Во дворе было еще несколько чудес: большой камень – я провел возле него бессчетные часы, ни один драгоценный камень, виденный мной позднее, не смог сравниться с ним по красоте и загадочности; заросли шиповника у забора, где я прятался от назойливого внимания взрослых, открывая новое ощущение своего самостоятельного, отдельного от других существования. Но самое притягательное и таинственное был колодец, вызывавший священный трепет, когда удавалось заглянуть вглубь. Связанный страшным запретом подходить близко, я так и не мог вдоволь насладиться созерцанием нового для меня пространства глубины: раздавался предостерегающий крик, и меня оттаскивали. Каждое утро еще в кровати я придумывал новую экспедицию к колодцу. Потом его засыпали, и я переживал это как разрушение святилища.

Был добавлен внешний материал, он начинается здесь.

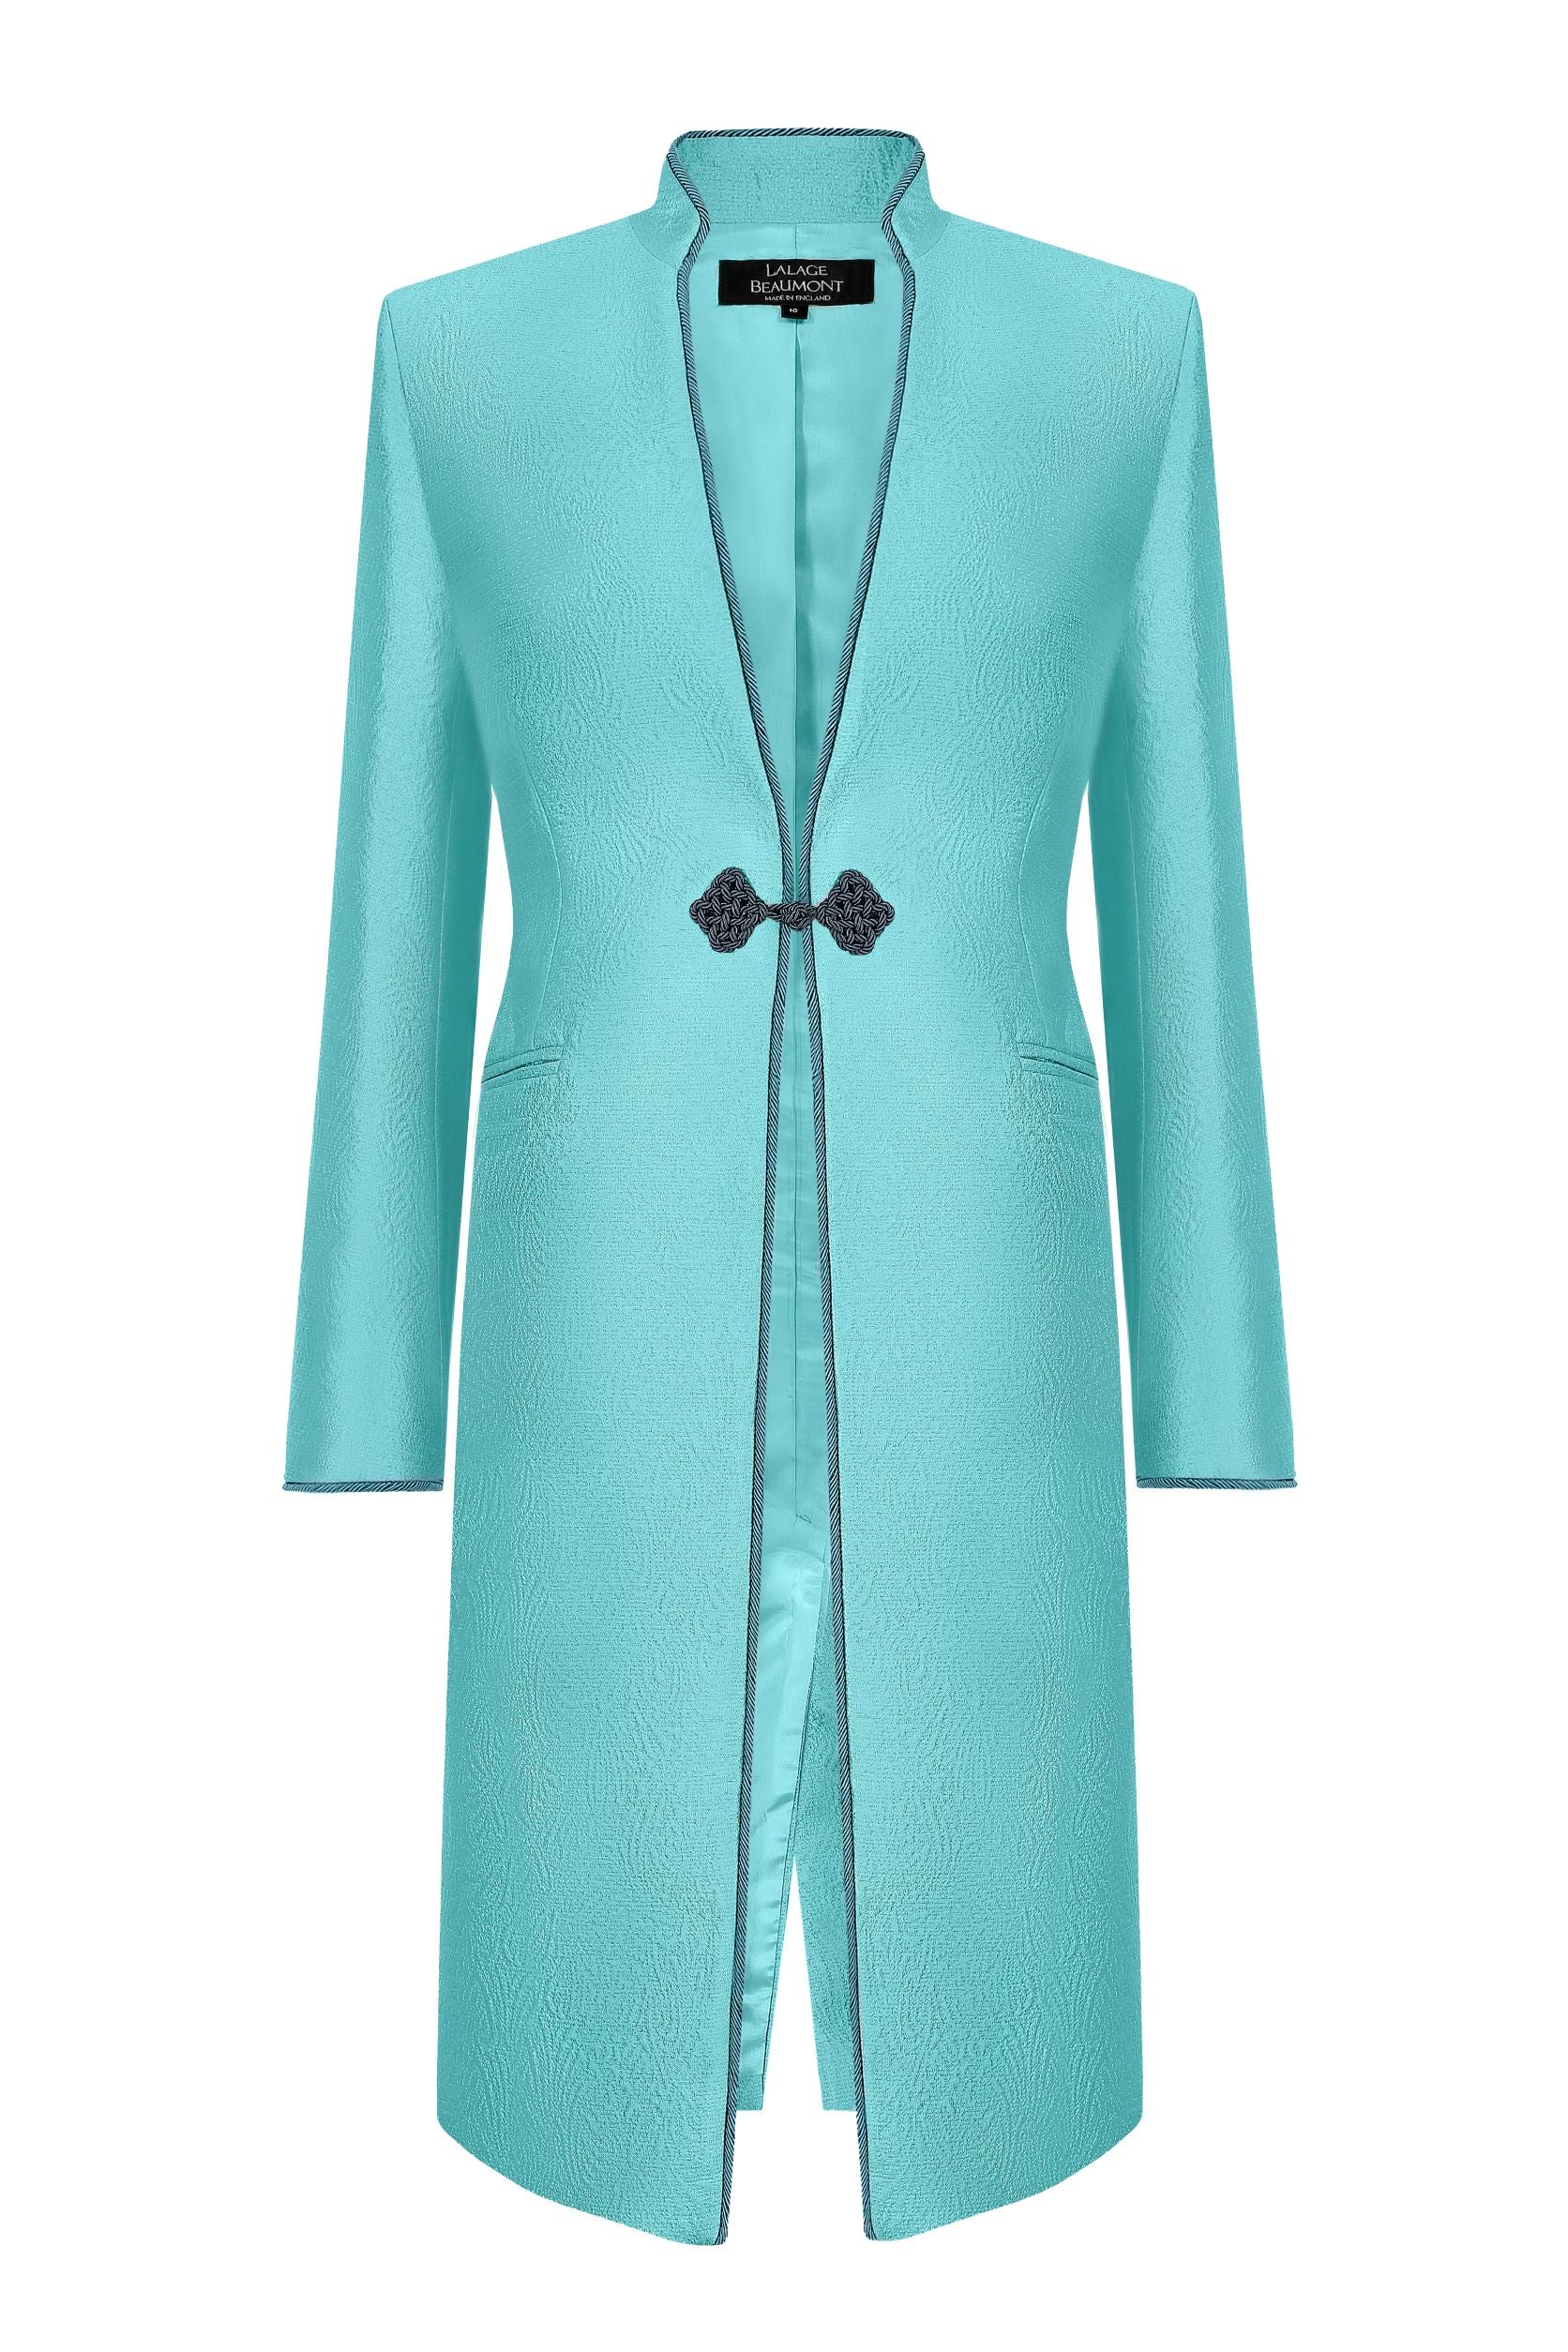 Dress Coats for Women, Dress and Coat Outfits

Совсем близко от нашего дома, в конце Бульварной улицы, была ярмарка. Сюда со всех окрестностей съезжались казахи на лошадях и верблюдах – на сотни километров вокруг Семипалатинска были только стойбища казахов-кочевников и мелкие поселения. В центре города находились кинотеатр, парк и несколько магазинов. В хлебные толпились очереди по несколько сот человек, люди стояли целыми семьями, с ночевкой. Во время войны был открыт ресторан с отдельными кабинами.
Еды в доме не было, это были голодные годы. Сахар выдавали по карточкам, полкило на человека в месяц. Мои родители смеялись, когда я однажды сказал, увидев перед собой один кусочек сахара на столе: «А Сталин, наверное, кладет в свой чай два кусочка».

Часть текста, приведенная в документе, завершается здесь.